Return the dimensionality of the feature vectors

features

Return the whole feature matrix

class cornac.data.TextModule(corpus: List[str] = None, ids: List = None, tokenizer: cornac.data.text.Tokenizer = None, vocab: cornac.data.text.Vocabulary = None, max_vocab: int = None, max_doc_freq: Union[float, int] = 1.0, min_freq: int = 1, stop_words: Union[List, str] = None, **kwargs)[source]

Text module

Parameters:
  • corpus (List[str], default = None) – List of user/item texts that the indices are aligned with ids.
  • ids (List, default = None) – List of user/item ids that the indices are aligned with corpus. If None, the indices of provided corpus will be used as ids.
  • tokenizer (Tokenizer, optional, default = None) – Tokenizer for text splitting. If None, the BaseTokenizer will be used.
  • vocab (Vocabulary, optional, default = None) – Vocabulary of tokens. It contains mapping between tokens to their integer ids and vice versa.
  • max_vocab (int, optional, default = None) – The maximum size of the vocabulary. If vocab is provided, this will be ignored.
  • max_doc_freq (Union[float, int] = 1.0) – The maximum frequency of tokens appearing in documents to be excluded from vocabulary. If float, the value represents a proportion of documents, int for absolute counts. If vocab is not None, this will be ignored.
  • min_freq (int, default = 1) – The minimum frequency of tokens to be included into vocabulary. If vocab is not None, this will be ignored.
  • stop_words (Collection, str, default: None) – Collection of stop words which will be ignored when building Vocabulary. If str, it indicates a built-in stop words list. Currently, only english is supported.
batch_seq(batch_ids, max_length=None)[source]
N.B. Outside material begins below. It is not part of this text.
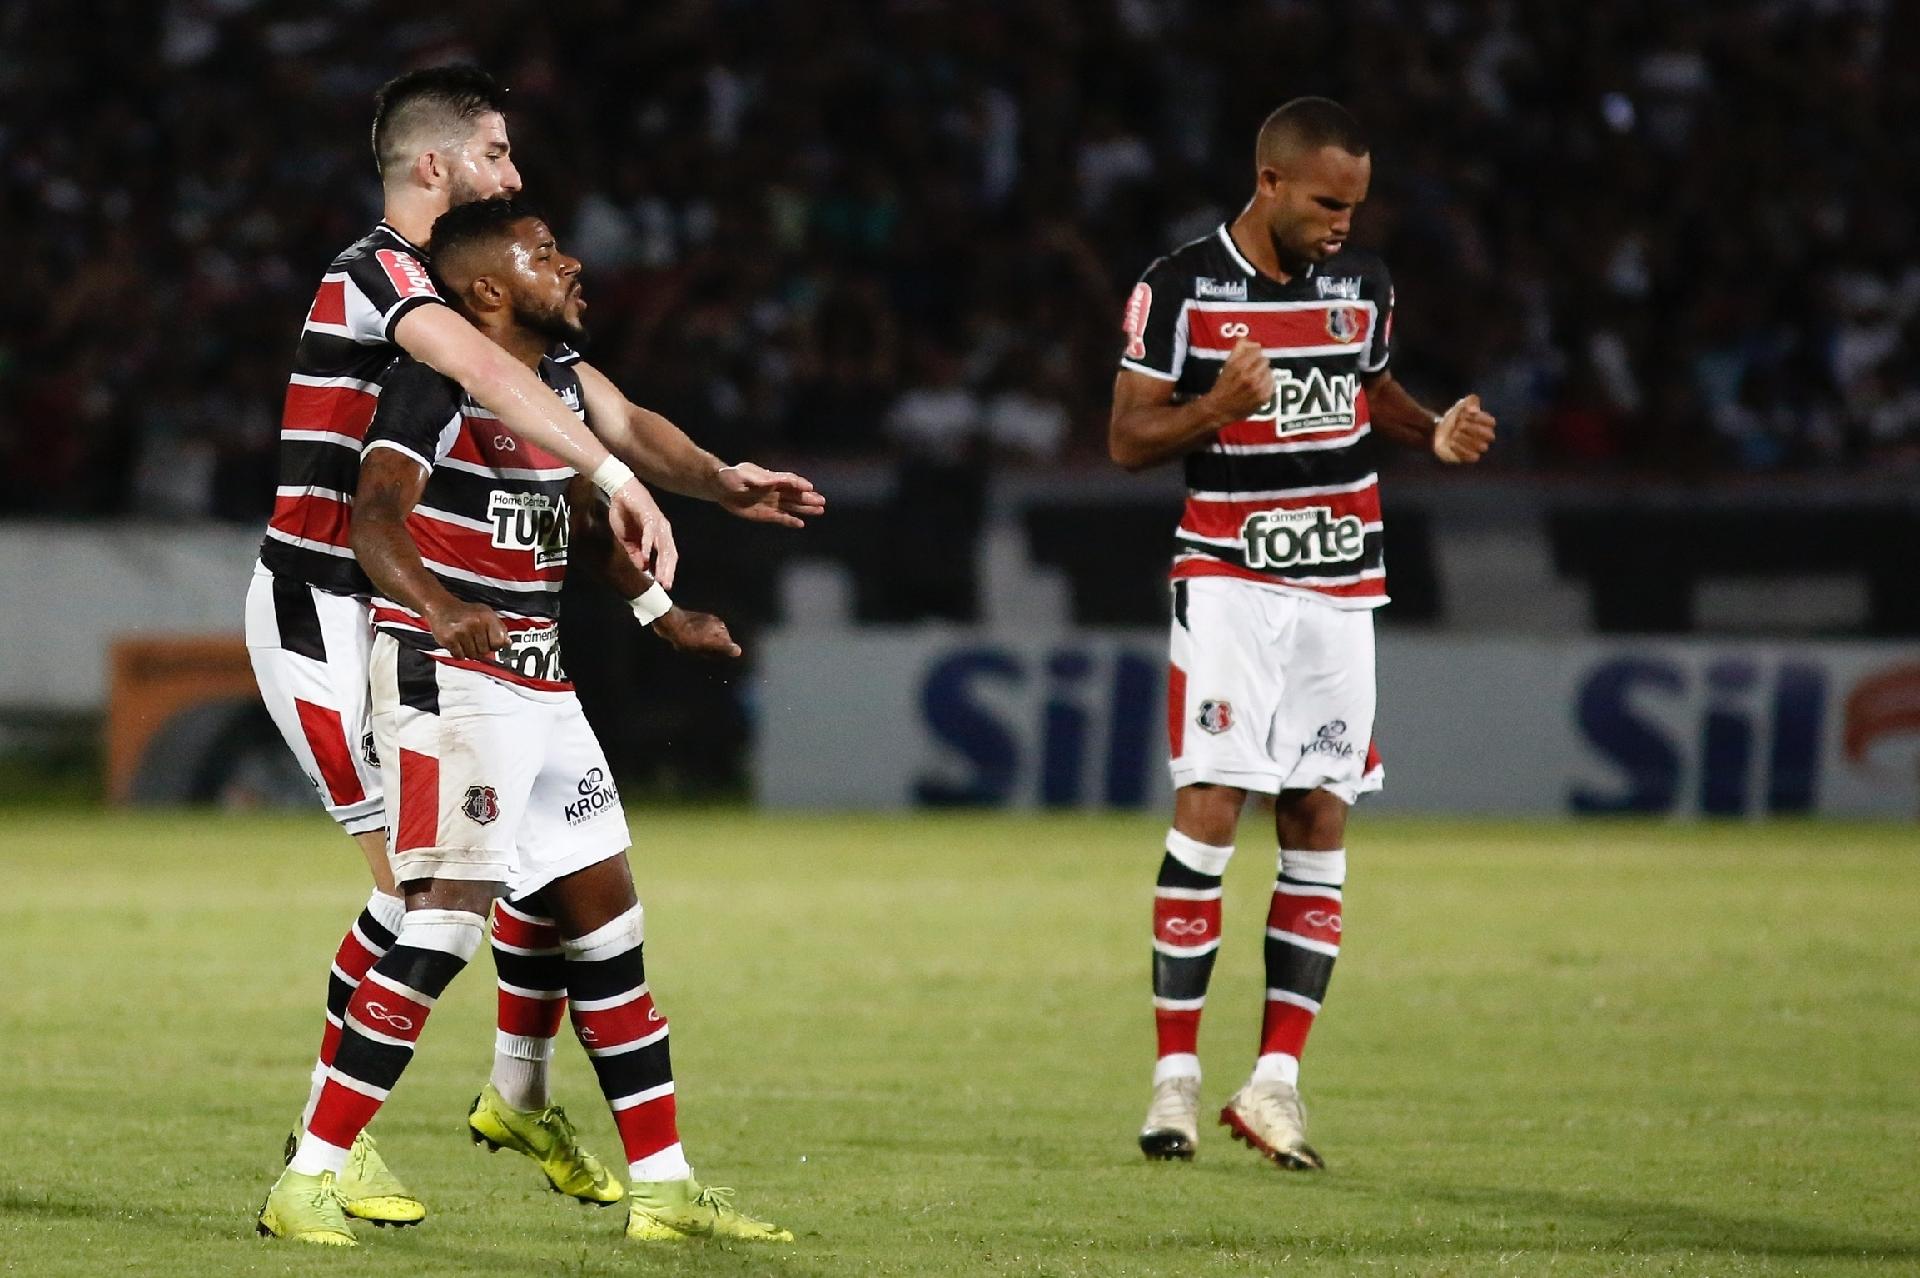 Jogador ense Werton marca gol pelo Flamengo na Copinha

Return a numpy matrix of text sequences containing token ids with size=(len(batch_ids), max_length). If max_length=None, it will be inferred based on retrieved sequences.

batch_tfidf(batch_ids)[source]

Return matrix of TF-IDF features corresponding to provided batch_ids

build(id_map=None)[source]

Build the model based on provided list of ordered ids

class cornac.data.ImageModule(**kwargs)[source]

Image module

batch_image(batch_ids, target_size=(256, 256), color_mode='rgb', interpolation='nearest')[source]
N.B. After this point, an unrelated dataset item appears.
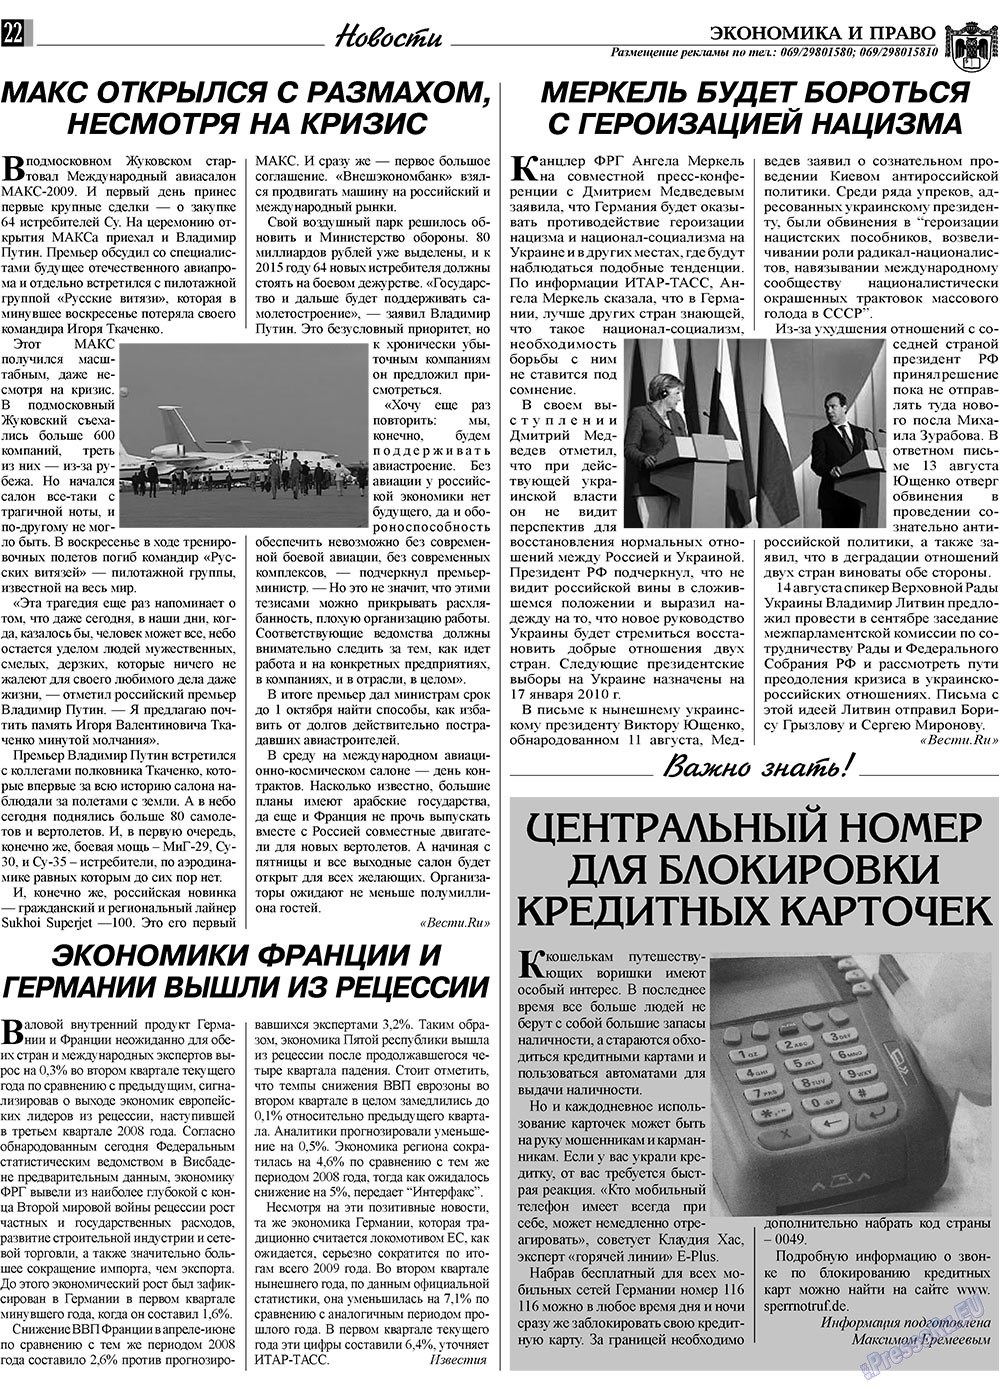 Экономика и право, газета. 2009 №9 стр.22

Return batch of images corresponding to provided batch_ids

build(id_map=None)[source]

Build the model based on provided list of ordered ids

class cornac.data.GraphModule(**kwargs)[source]

Graph module

batch(batch_ids)[source]

Return batch of vectors from the sparse adjacency matrix corresponding to provided batch_ids.

Parameters:batch_ids (array, required) – An array contains the ids of rows to be returned from the sparse adjacency matrix.
build(id_map=None)[source]

Build the feature matrix. Features will be swapped if the id_map is provided

get_train_triplet(train_row_ids, train_col_ids)[source]

Get the training tuples

class cornac.data.TrainSet(uid_map, iid_map)[source]

Training Set

Parameters:
  • uid_map (defaultdict) – The dictionary containing mapping from original ids to mapped ids of users.
  • iid_map (defaultdict) – The dictionary containing mapping from original ids to mapped ids of items.
get_iid(raw_iid)[source]

Return the mapped id of an item given a raw id

get_uid(raw_uid)[source]

Return the mapped id of a user given a raw id

static idx_iter(idx_range, batch_size=1, shuffle=False)[source]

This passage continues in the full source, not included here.